| Summary: | 碩士 === 國立交通大學 === 電子工程學系 電子研究所 === 102 === With the technology generation down-scaling trend of
metal-oxide-semiconductor field effect transistors (MOSFETs), random telegraph signals (RTS) turn into an essential issue in device development. These signals take place through the carrier capture-emission process via a defect at the silicon/oxide interface or in the oxide layer. The capture-emission behavior of the defect causes the witching of source/drain current between high and low level. The switching magnitude may have negative impact on device performance of MOSFETs, and it can be displayed by calculating ΔId/Id as an index to analyze the characteristic of RTS.
In the experiment, it is not easy to observe the two-level switching magnitude of source/drain current. Besides, it usually appears in terms of more than two levels.
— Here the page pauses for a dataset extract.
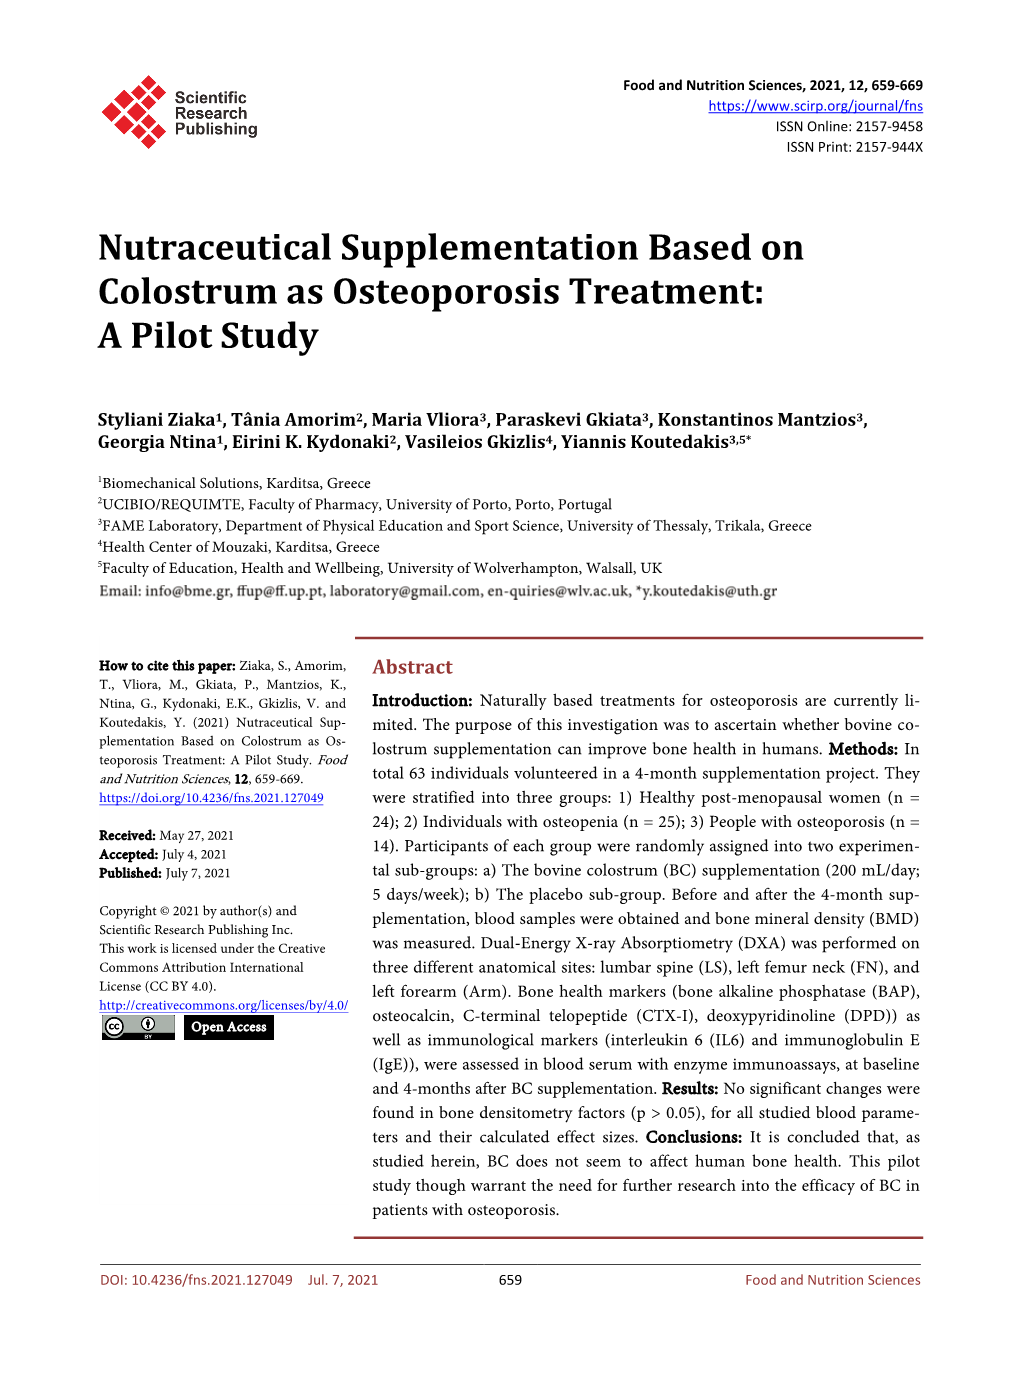 Nutraceutical Supplementation Based on Colostrum As Osteoporosis Treatment: a Pilot Study

Multiple levels would make the issue more complicated, which is not the major issue in this thesis. Most important of
all, dealing with all the parameters, which may affect RTS phenomenon, such as the substrate doping concentration, the device size, and the IV position of defect into control through experiment, are quite difficult. However, we can easily modify these parameters by building all kinds of
device characteristics in TCAD simulations. A conventional RTS magnitude model was derived in flat potential
distribution across the whole channel, but now fails in subthreshold region. The reason is that the potential barrier is highly localized in the middle of channel under a small gate voltage. In this thesis, we establish a new model taking the local barrier into account, which is shown as
conduction band energy along channel length and channel width direction. To obtain RTS index ΔId/Id, we run two cases in device simulations: one of a defect at the silicon/oxide interface or in the oxide layer, and one of
no defect. Then, corresponding drain terminal currents are simulated to determine ΔId/Id.
In our previous work, the switching magnitudes of source/drain current measured in both subthreshold and above-threshold regions were separately transformed into the effective size of the affected region and the effective area of the percolation path. In this work, many of well-known RTS models are considered, by taking into account the defect
position factor ηs1 and the random discrete doping coefficient (percolation effect) ηs2 and ηc.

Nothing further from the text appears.